MATERIAL FOR THIS EXERCISE
+ + +

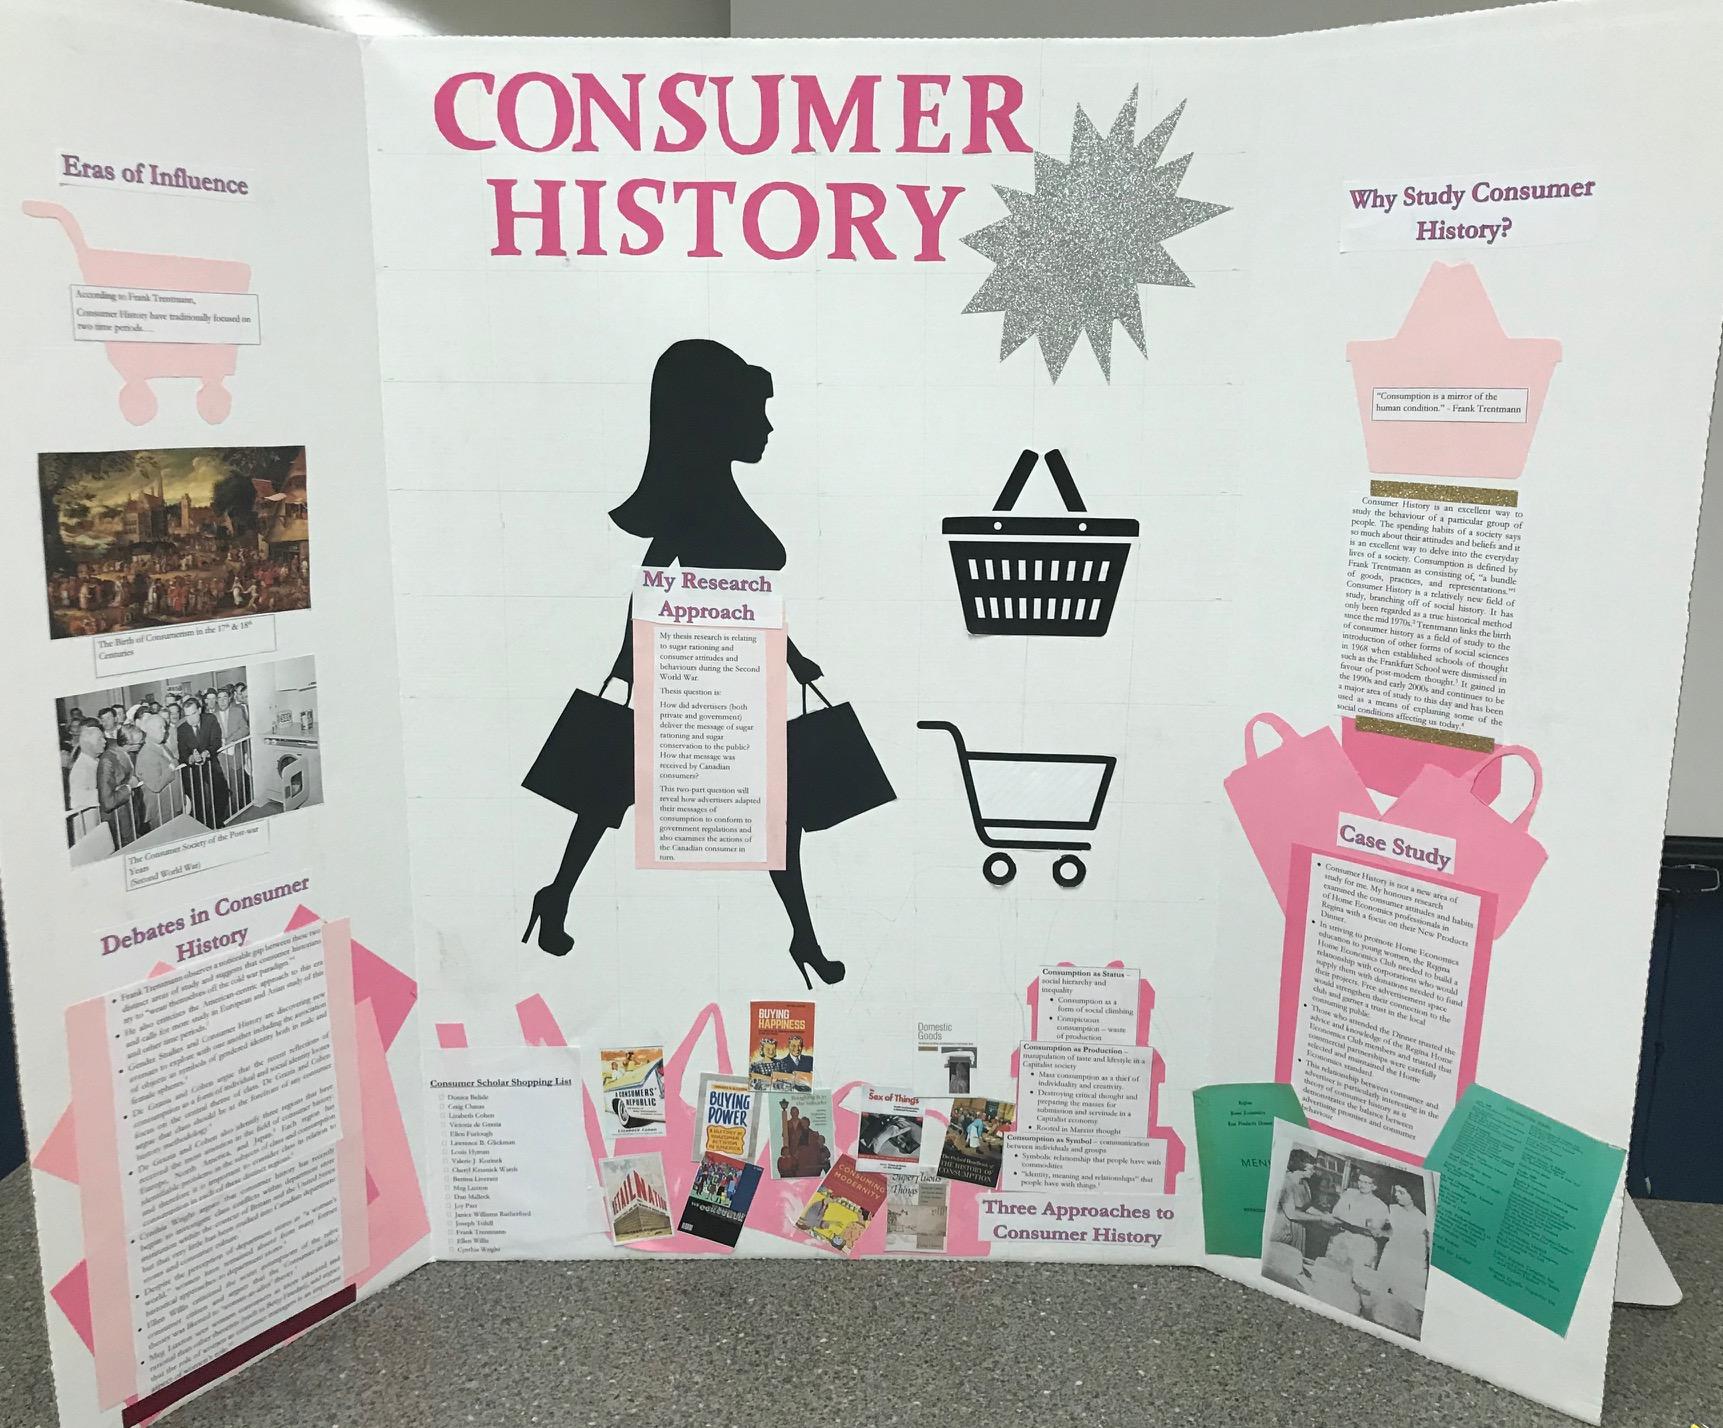 Consumer History
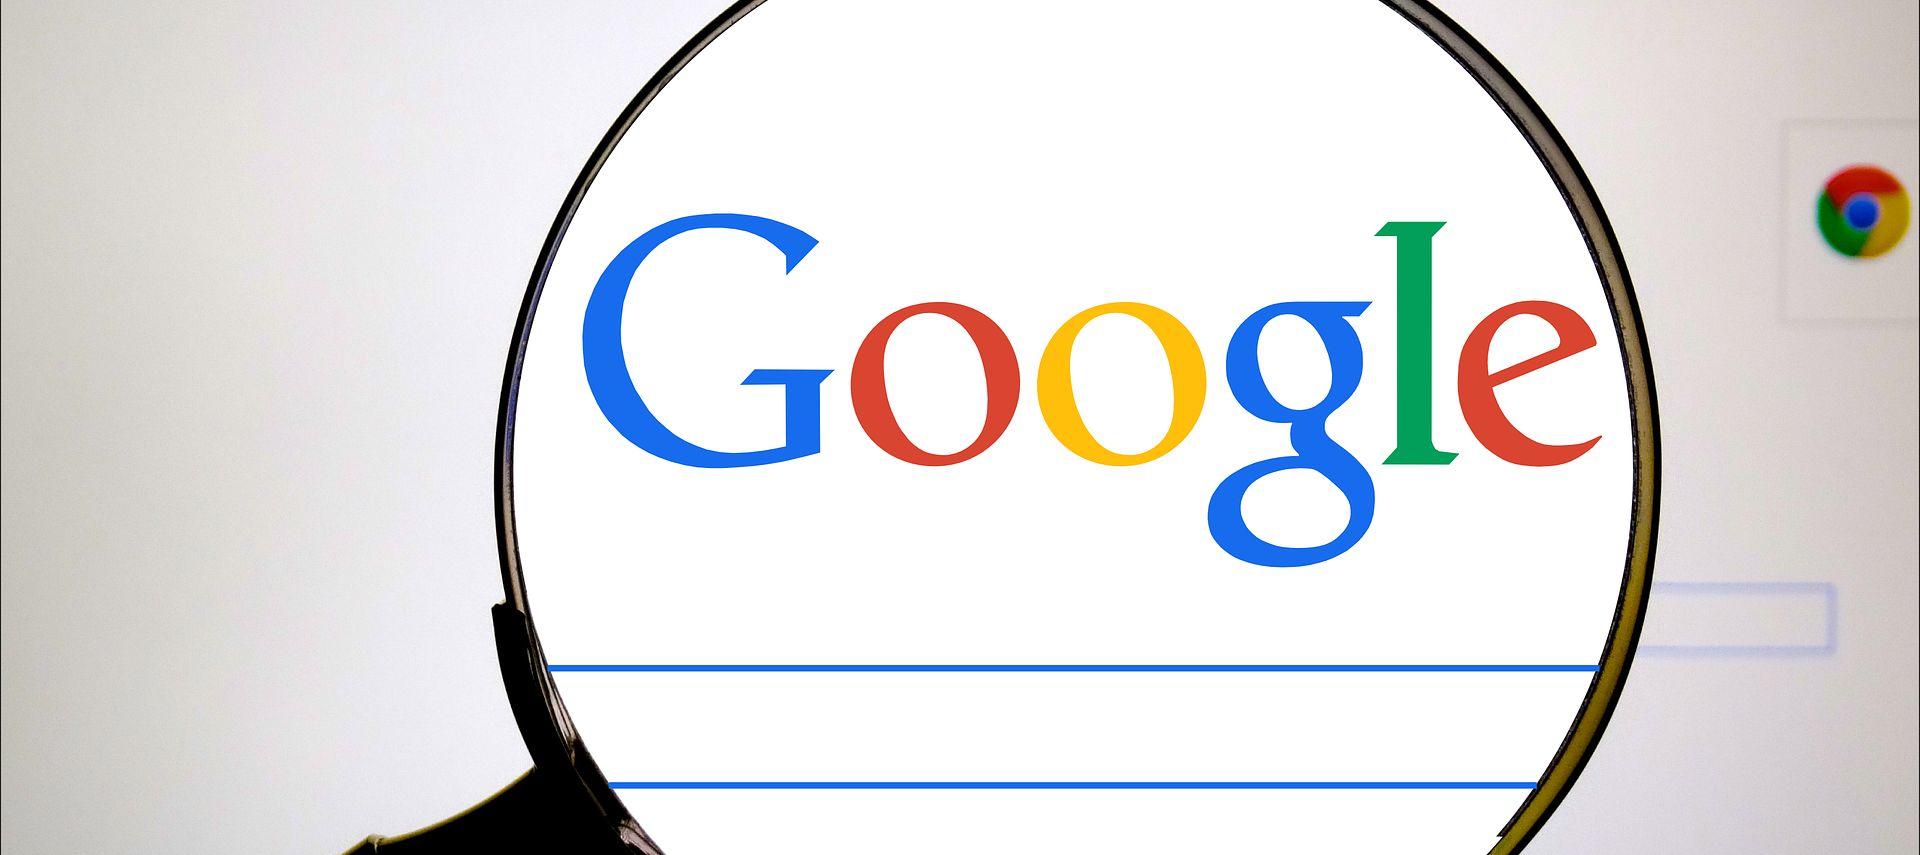 Google ne mora platiti 1,1 milijardu eura poreza Francuskoj
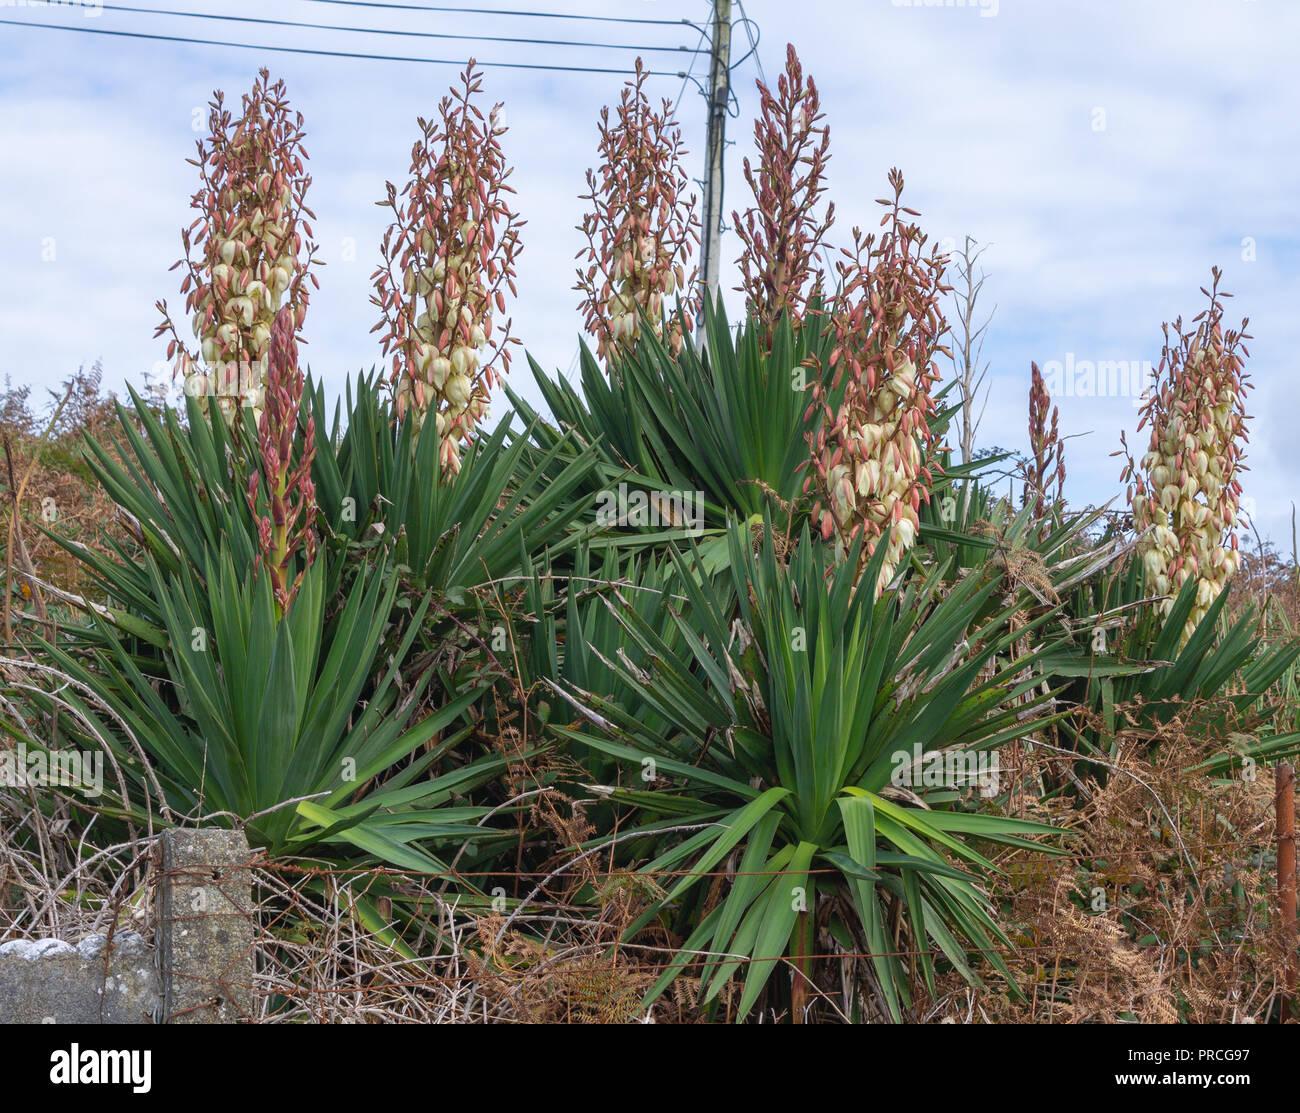 yukka-plant-flowering-growing-amongst-ferns-in-west-cork-ireland-PRCG97.jpg
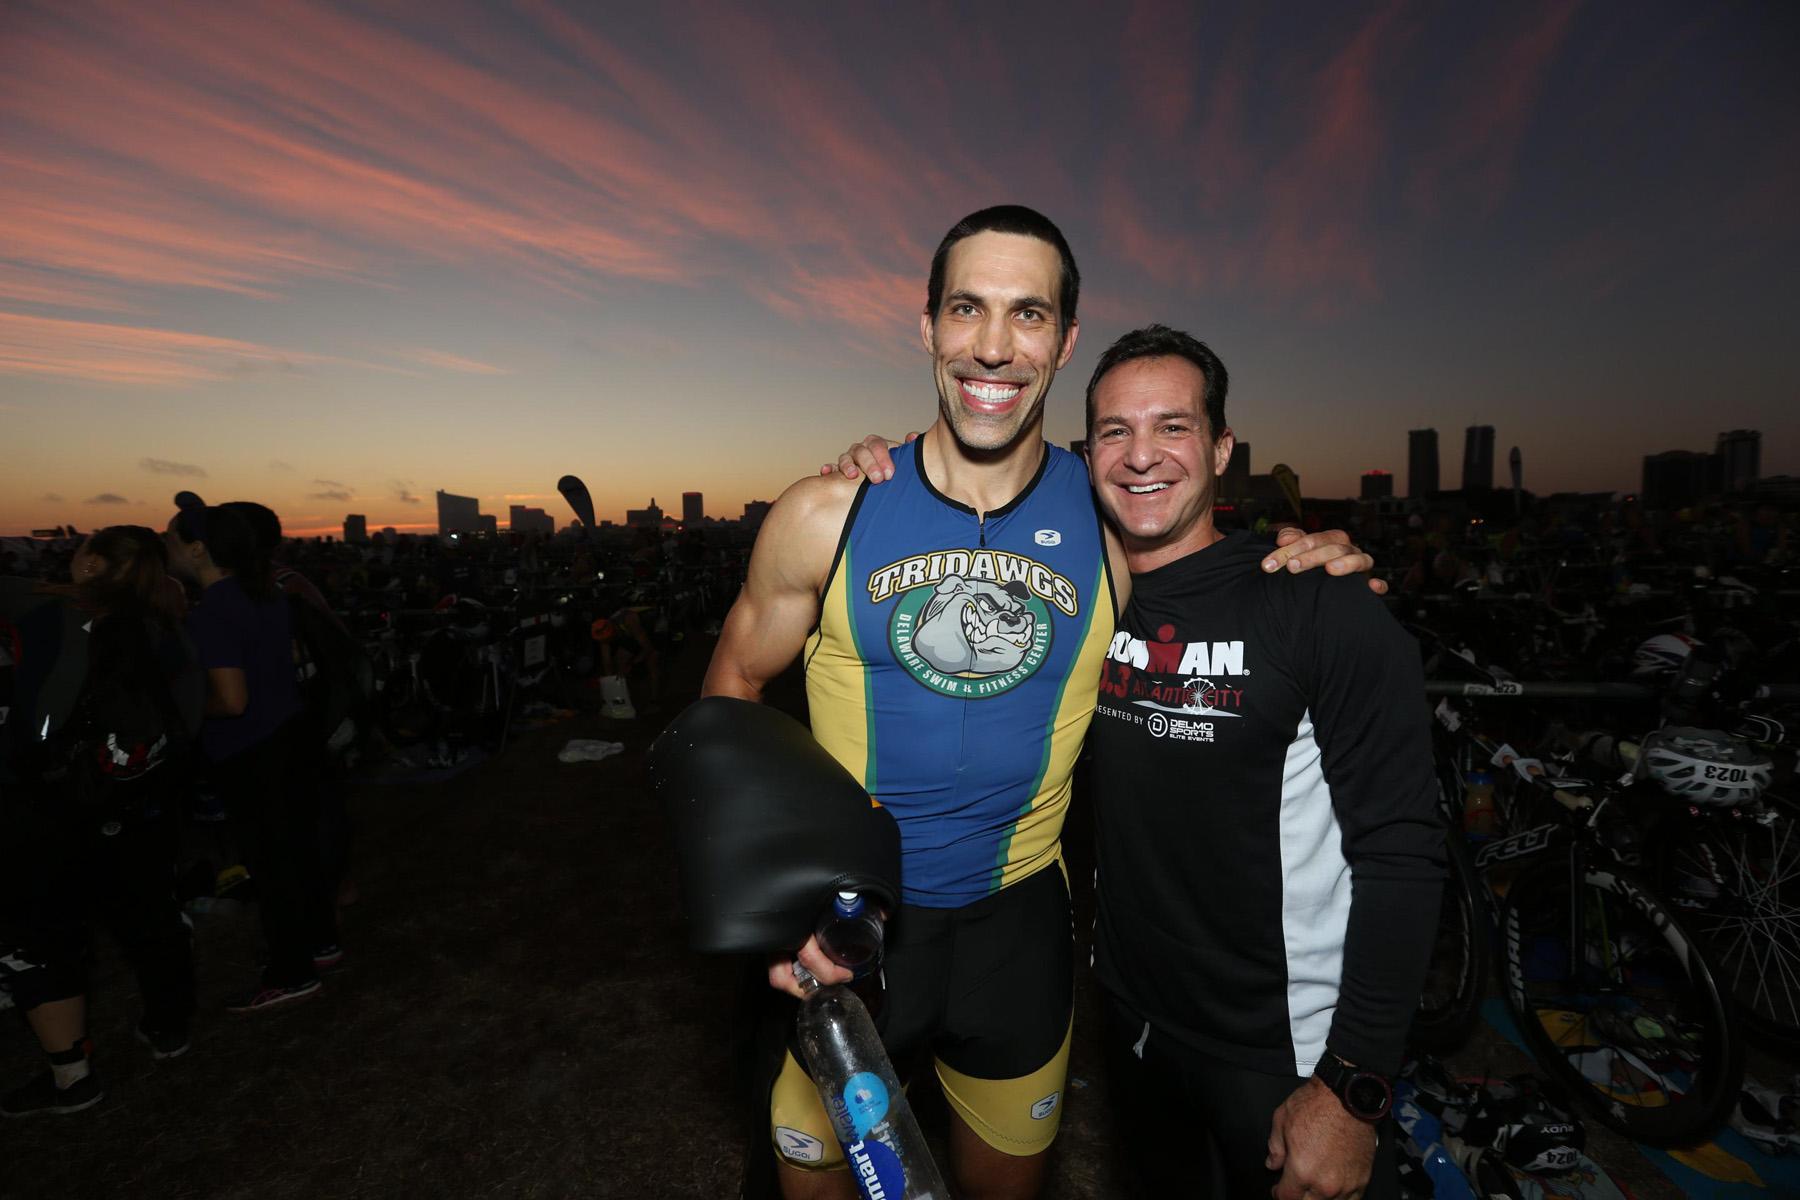 Sunrise glow - Ironman 70.3 Atlantic City
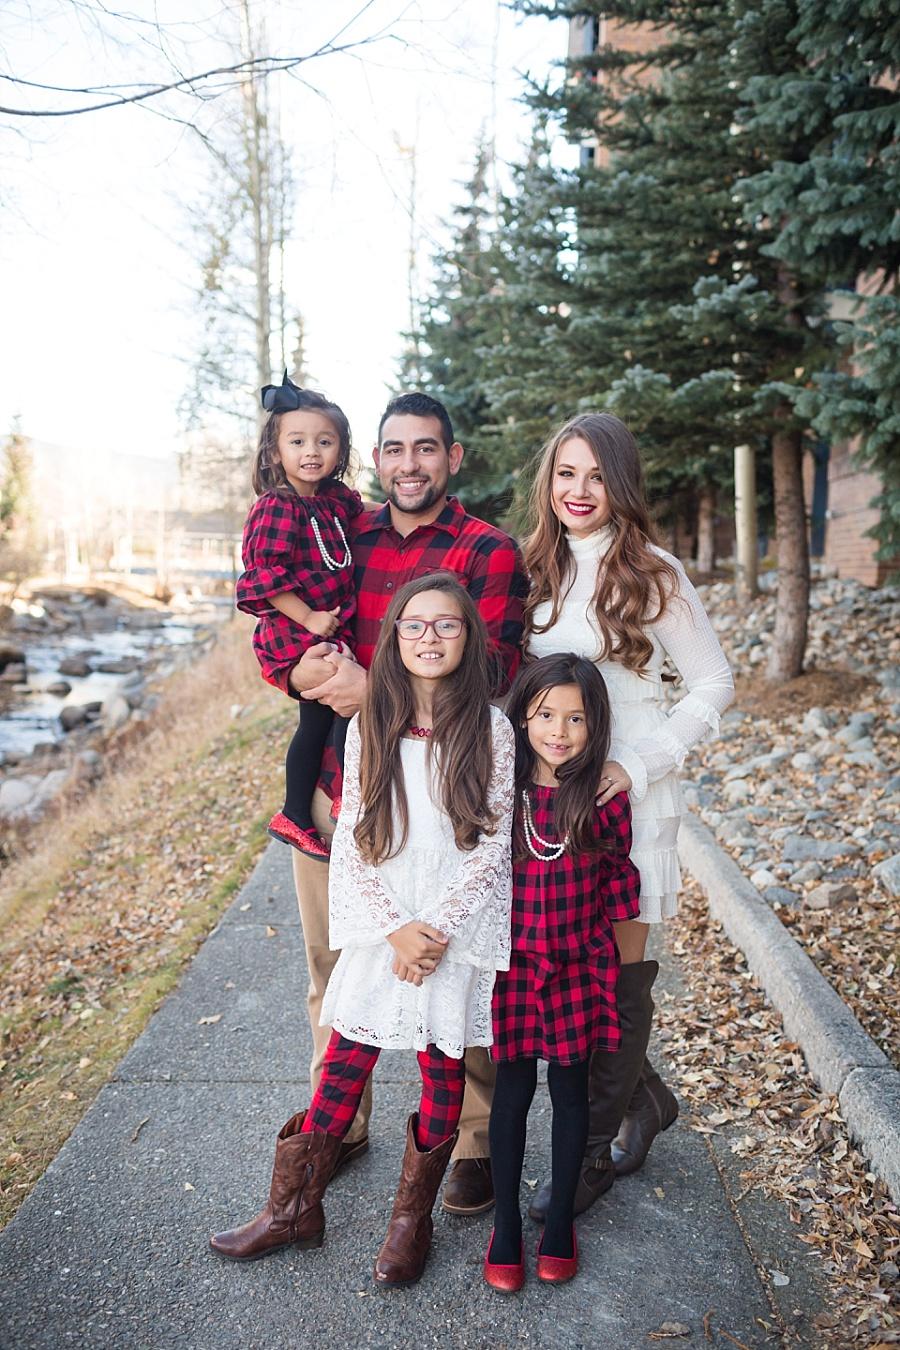 Stacy Anderson Photography Breckenridge Denver Boulder Vail Colorado Travel Lifestyle Elopement Vow renewal Family Wedding Photographer_0000.jpg

+ + +

Reproduce the records above exactly, but only from the line containing "Google ne mora" through the last line, both included, and without any pictures.

 Google ne mora platiti 1,1 milijardu eura poreza Francuskoj
 yukka-plant-flowering-growing-amongst-ferns-in-west-cork-ireland-PRCG97.jpg
 Sunrise glow - Ironman 70.3 Atlantic City
 Stacy Anderson Photography Breckenridge Denver Boulder Vail Colorado Travel Lifestyle Elopement Vow renewal Family Wedding Photographer_0000.jpg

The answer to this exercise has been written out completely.